### Work required
Nothing but the lines from the one showing "Las Vegas City" through the final line of the data below belongs in the answer, duplicated exactly and without pictures.

### Collected data
***

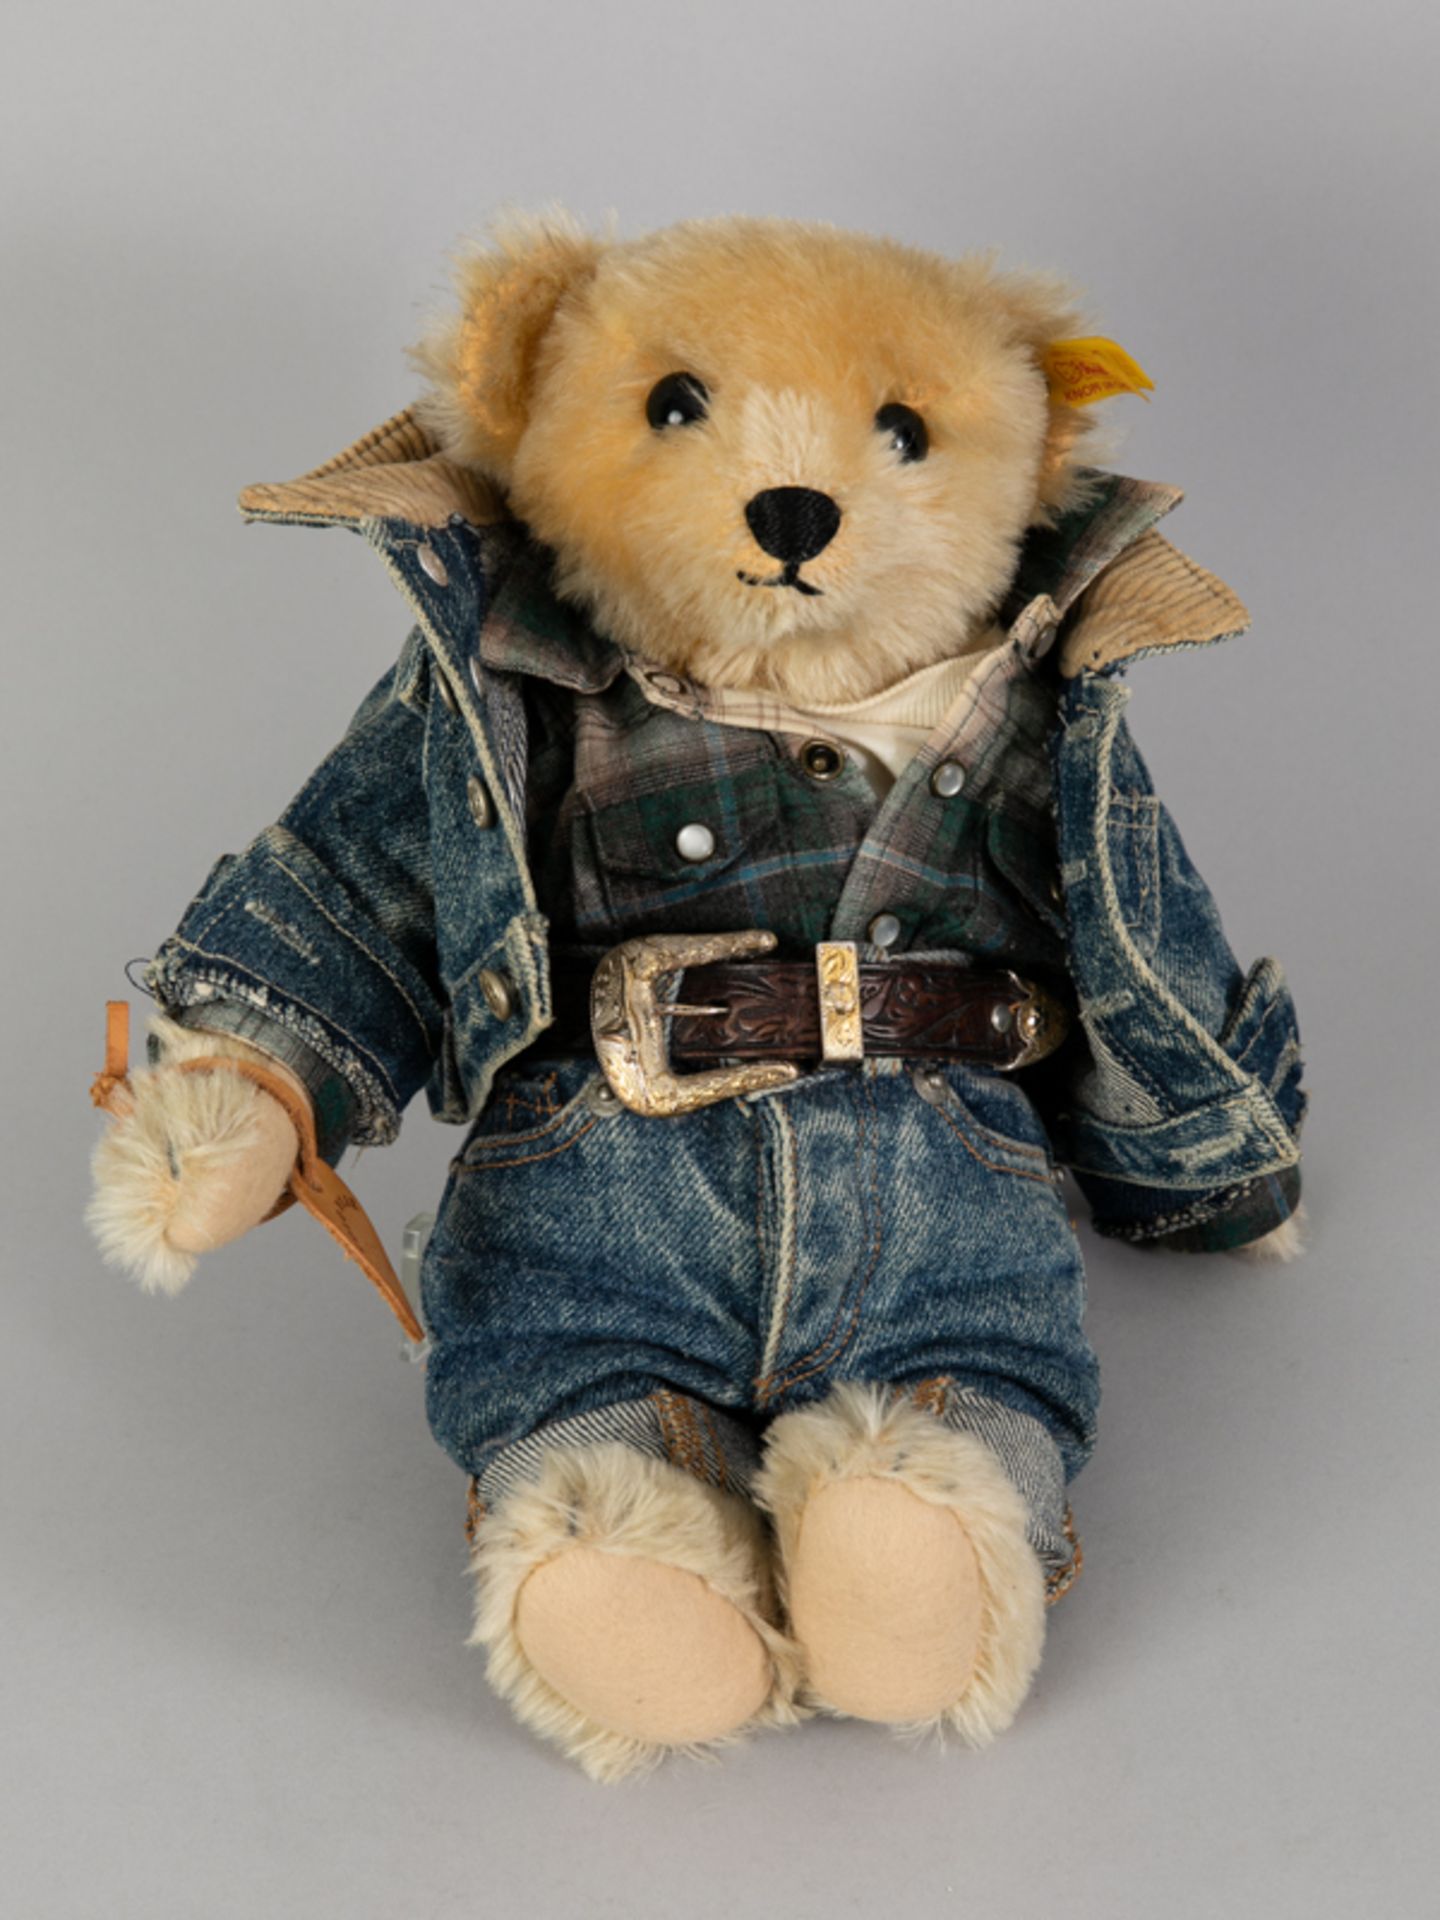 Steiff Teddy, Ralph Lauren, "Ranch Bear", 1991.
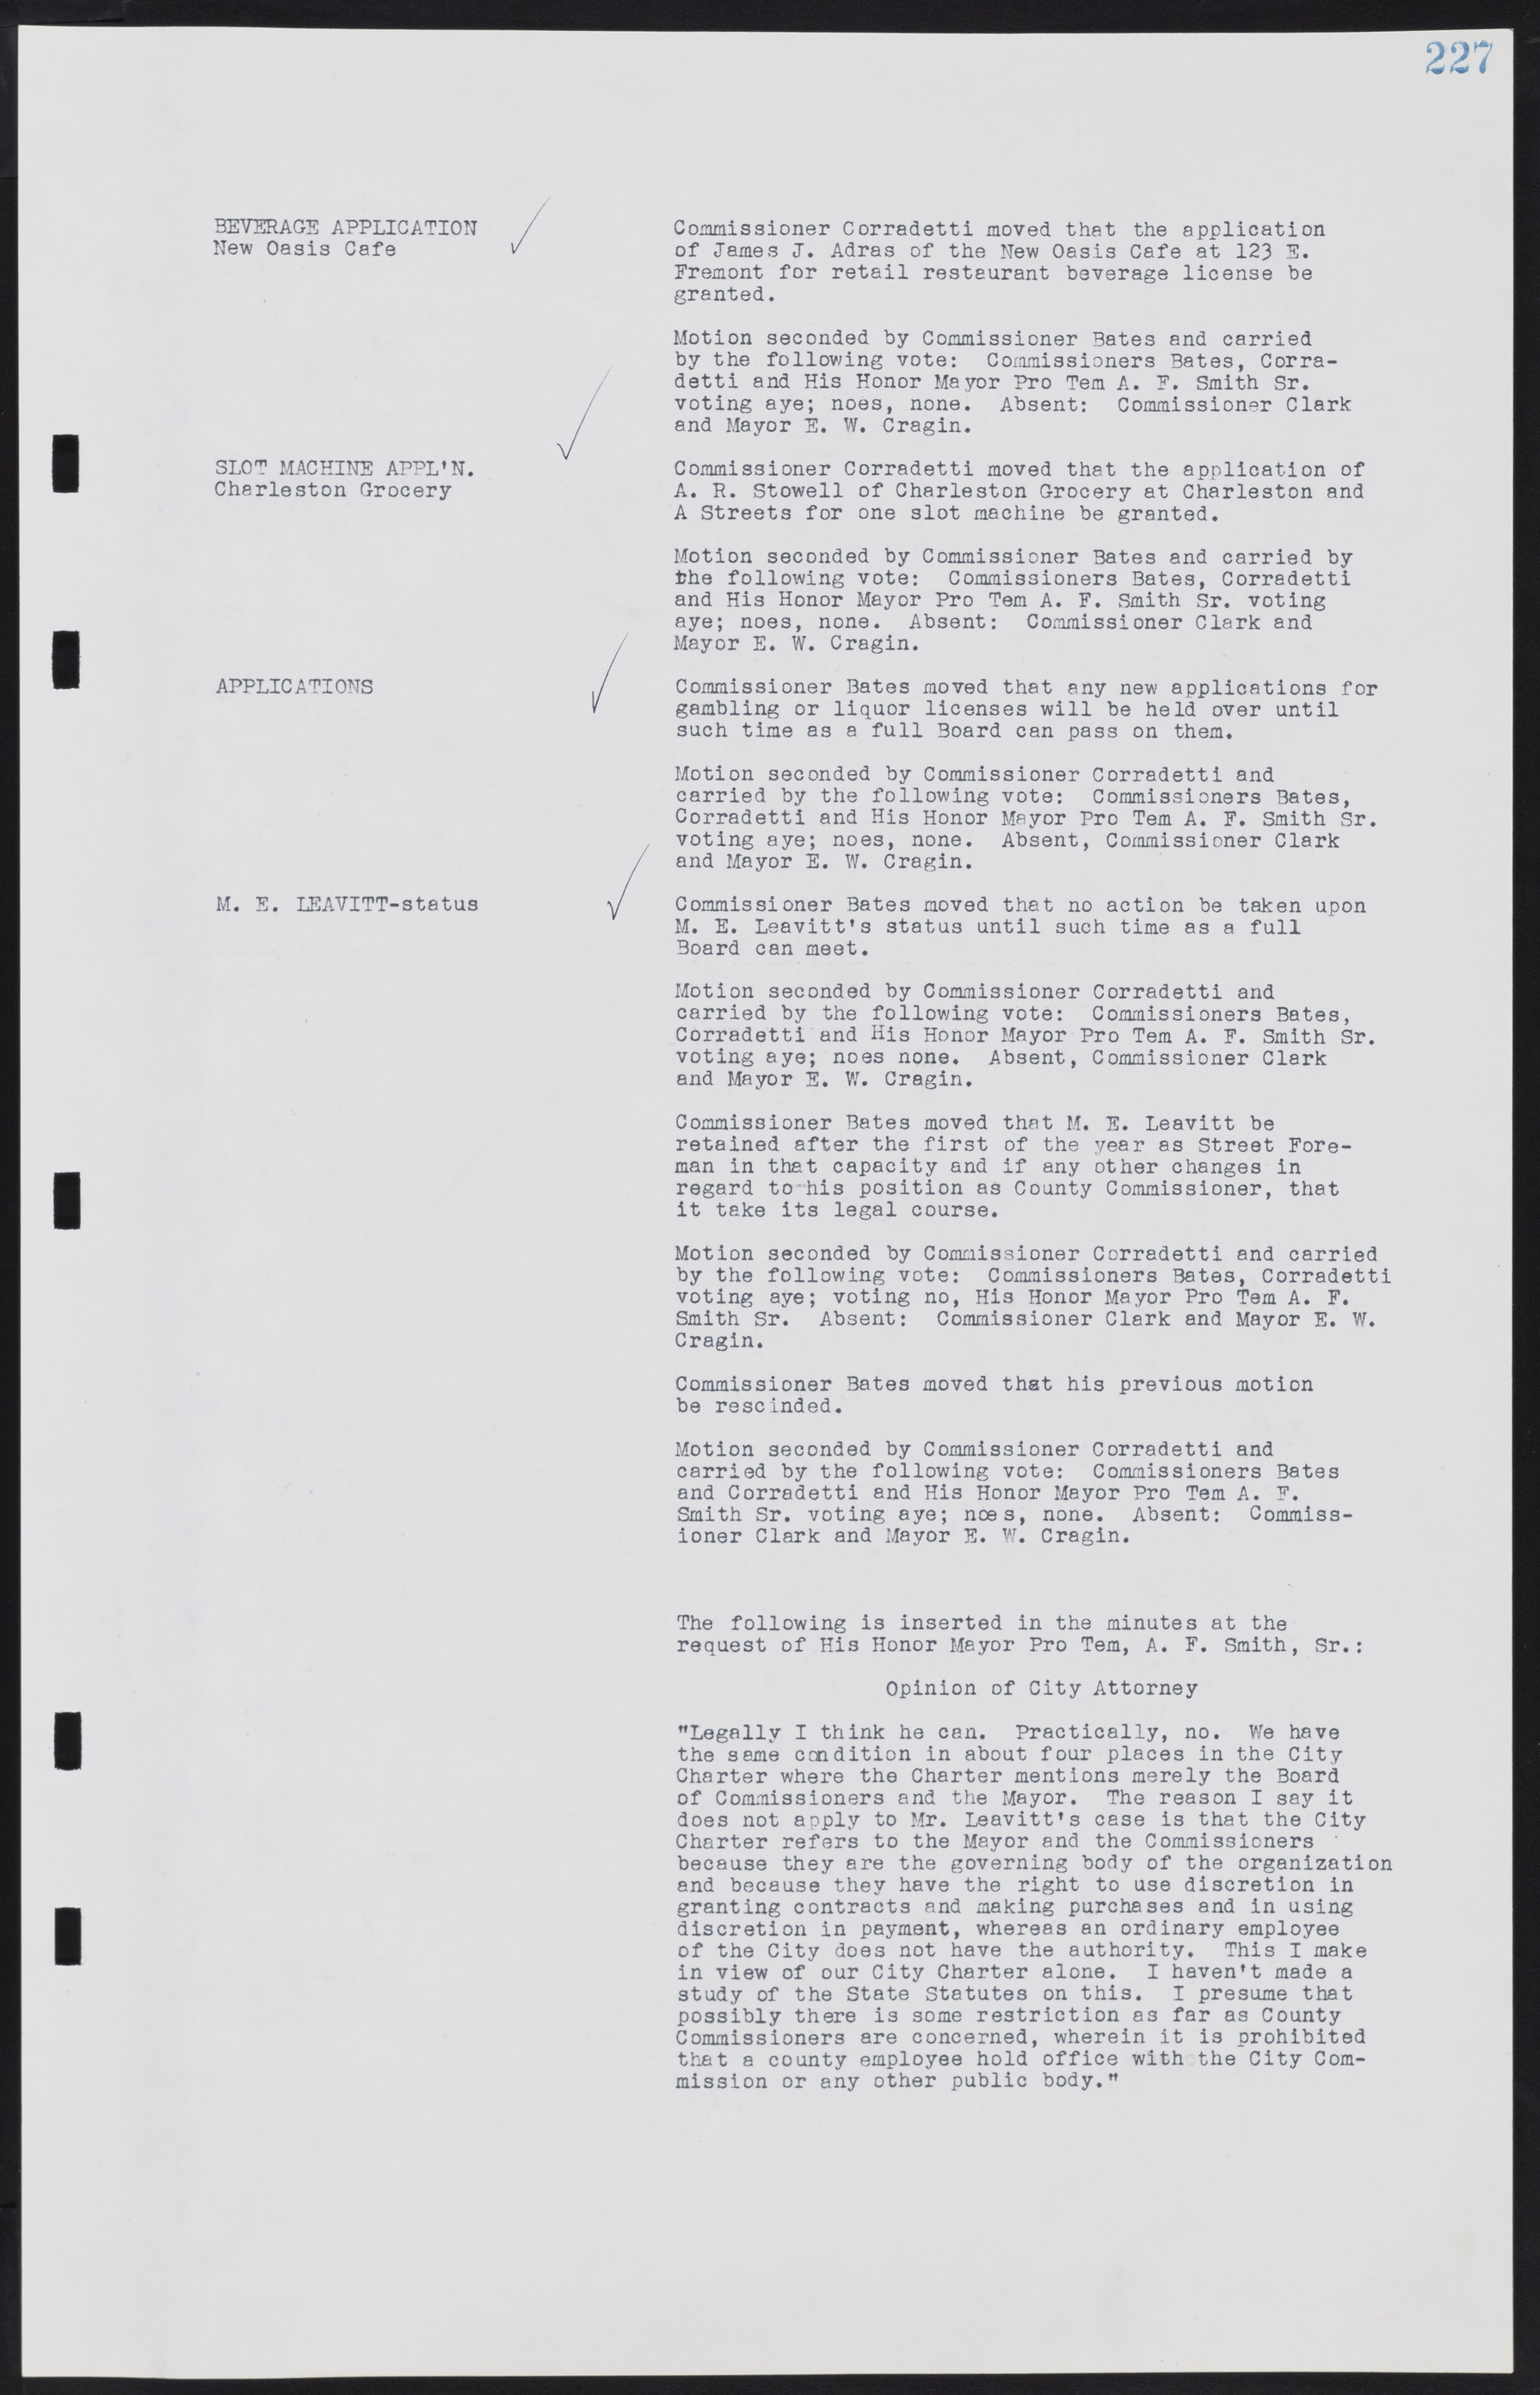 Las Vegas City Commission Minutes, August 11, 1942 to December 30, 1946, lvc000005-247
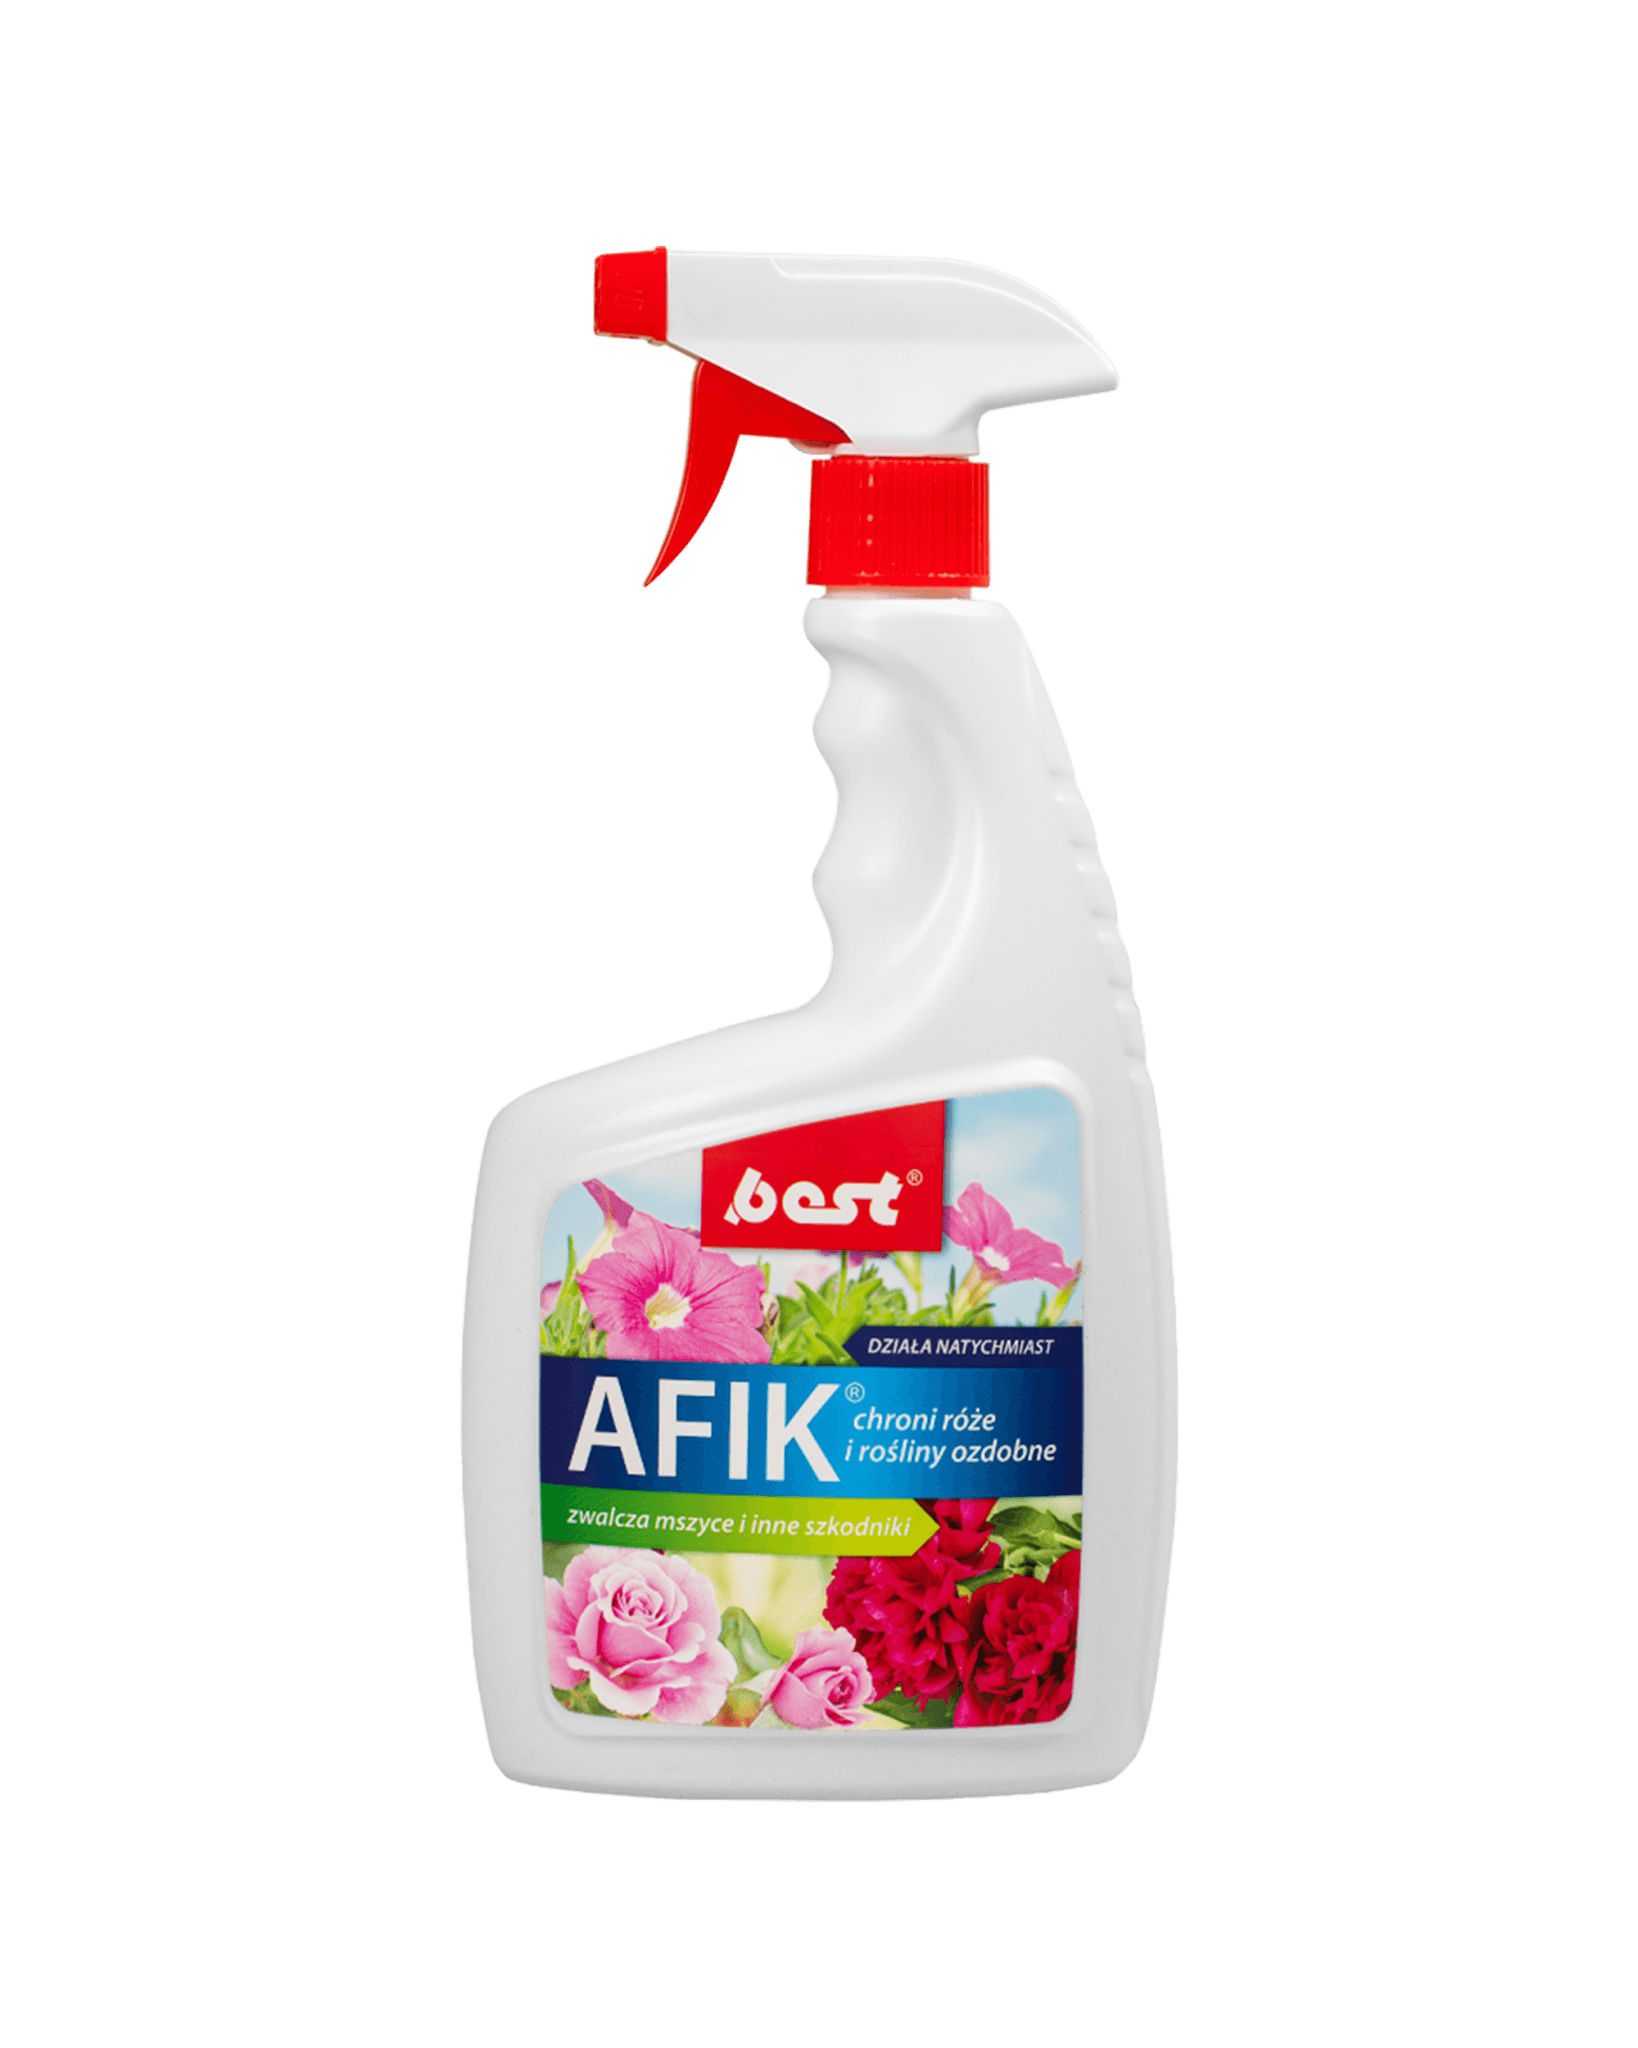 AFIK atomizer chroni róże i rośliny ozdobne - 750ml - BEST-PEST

***

### Response area
 Las Vegas City Commission Minutes, August 11, 1942 to December 30, 1946, lvc000005-247
 AFIK atomizer chroni róże i rośliny ozdobne - 750ml - BEST-PEST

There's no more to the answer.